The Maures Massif forms an important piece of the southernmost part of the Variscan belt
of western Europe. This massif exhibits high-grade bimodal felsic–basic volcanic complexes, a distinctive
lithological feature documented elsewhere in similar domains of the European Variscides and
referred to the Cambro-Ordovician extensional episode. Two major alkalic and tholeiitic compositional
groups and subordinate transitional metabasites have been identified, occurring at several distinct
horizons or in bimodal complexes.

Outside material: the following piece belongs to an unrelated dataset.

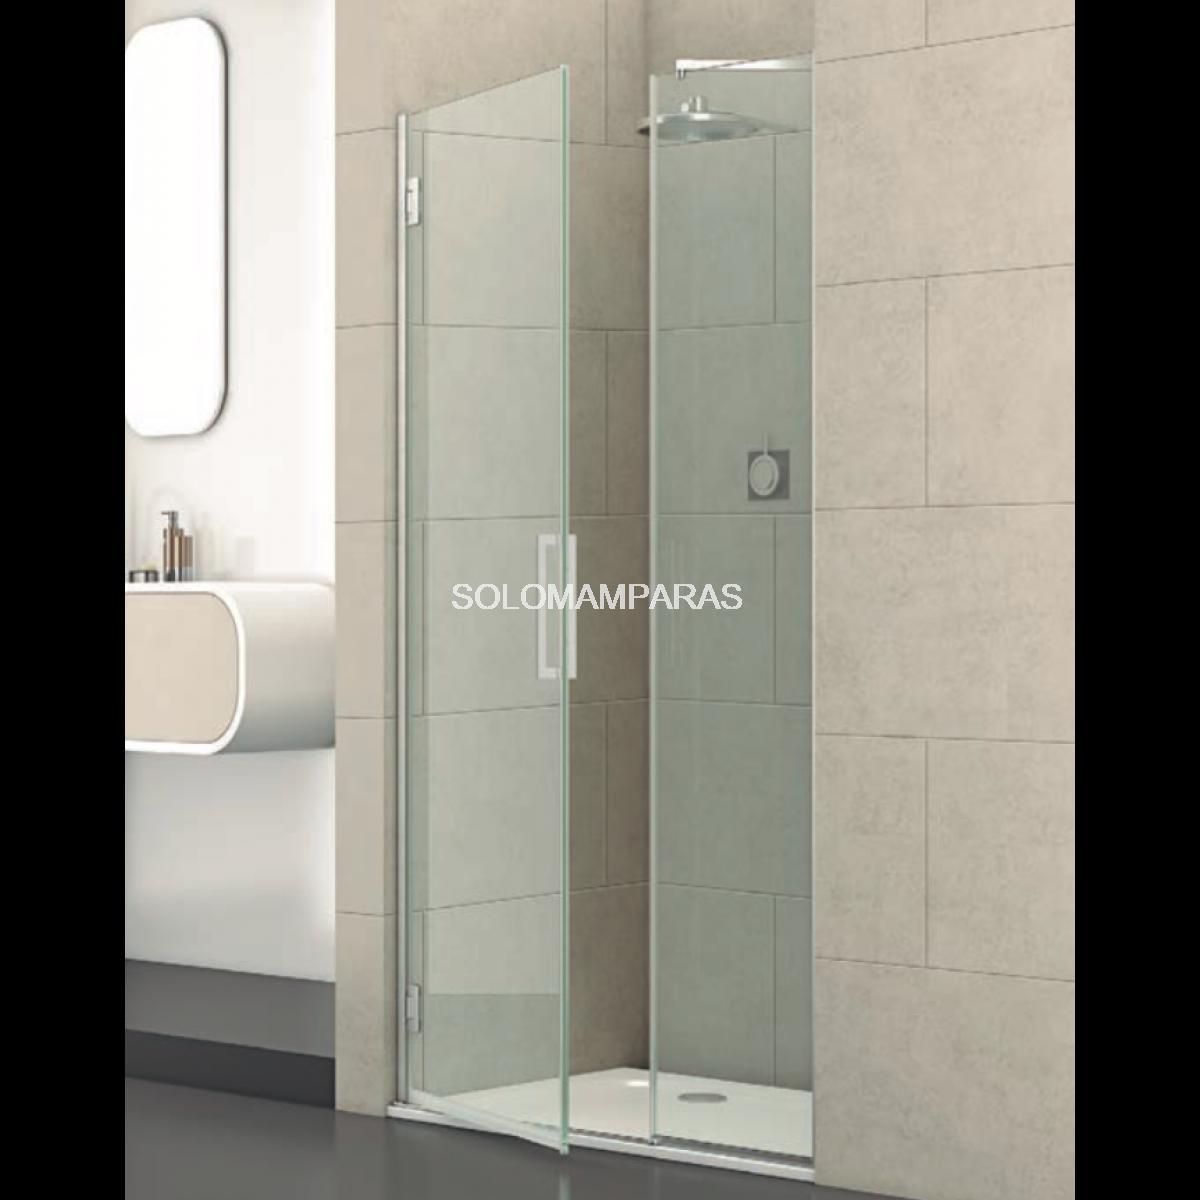 mampara de ducha barra de soporte de 25 mm para cristal de 8 mm a 12 mm brazo de apoyo de acero inoxidable para cuarto de ba/ño soporte de ducha NUZAMAS barra telesc/ópica de 300 mm a 500 mm
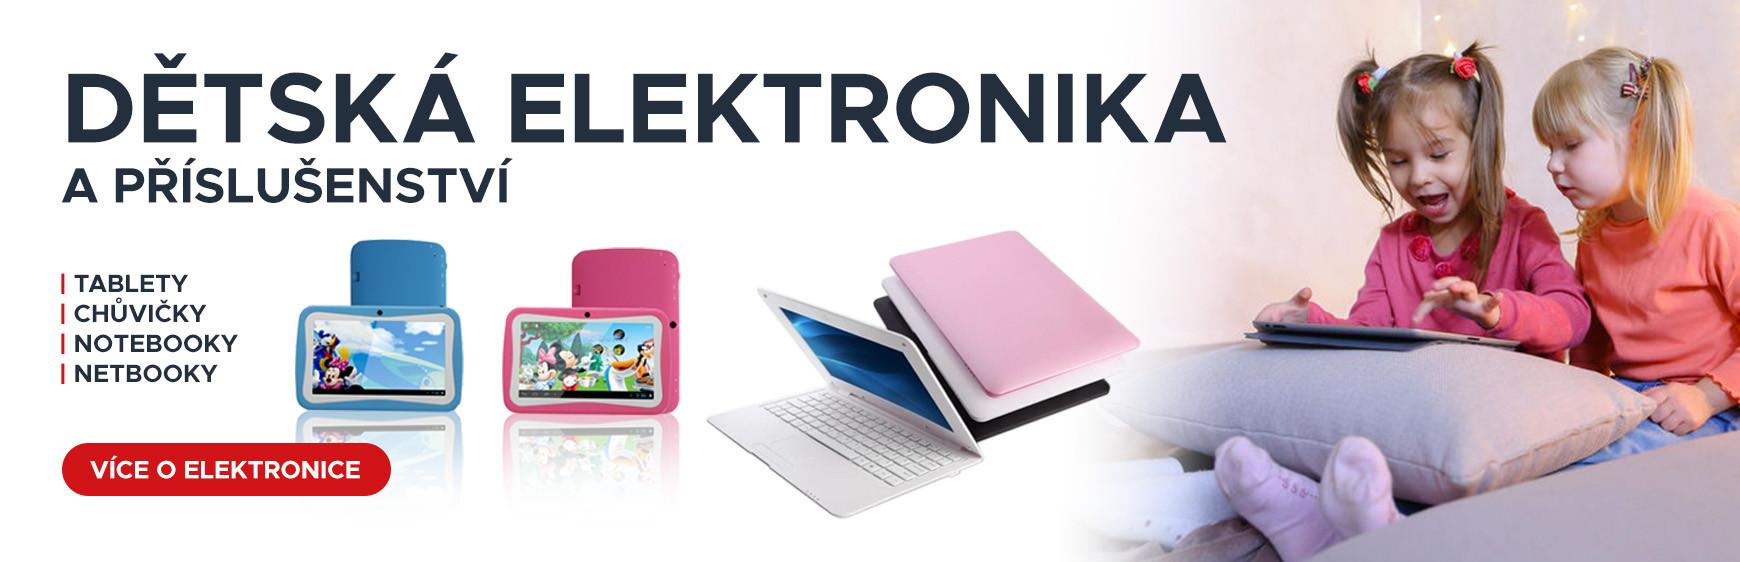 Elektronika dla dzieci

This chemical diversity is interpreted in terms of variable
degrees of partial melting of progressively depleted mantle source(s), which experienced melting at
different depths, from garnet to spinel stability domains, during a progressive mantle upwelling associated
with intracontinental rifting. This setting is reinforced by the presence of metabasites with compositions
similar to continental flood basalts, showing slightly humped REE patterns, and interpreted
as resulting from the melting of a partially depleted source at a relatively low degree of melting, in the
garnet–spinel transition zone. The metafelsites from the tholeiitic bimodal complex exhibit the distinctive
major and trace element characteristics of A-type rhyolites. Their elemental variations are consistent
with fractional crystallization of major and accessory phases, but some discontinuous REE
profiles result from a hydrothermal fractionation mechanism. The modelling of common anhydrous
fractionating assemblages suggests that these A-type compositions may be derived from the associated
tholeiites by extensive degrees of fractionation (90 %) with some continental crust involvement, or by
anhydrous partial melting (∼30 %) of an underplated mafic parent of tholeiitic composition. The
bimodal character of the Late Cambrian Maures magmatism, together with the chemistry of the various
metabasites and metafelsites, suggests plume-induced intracontinental magmatic activity, resulting
in lithospheric thinning prior to the onset of rifting and break-up of the Palaeozoic continental
lithosphere, at this northern margin of Gondwana.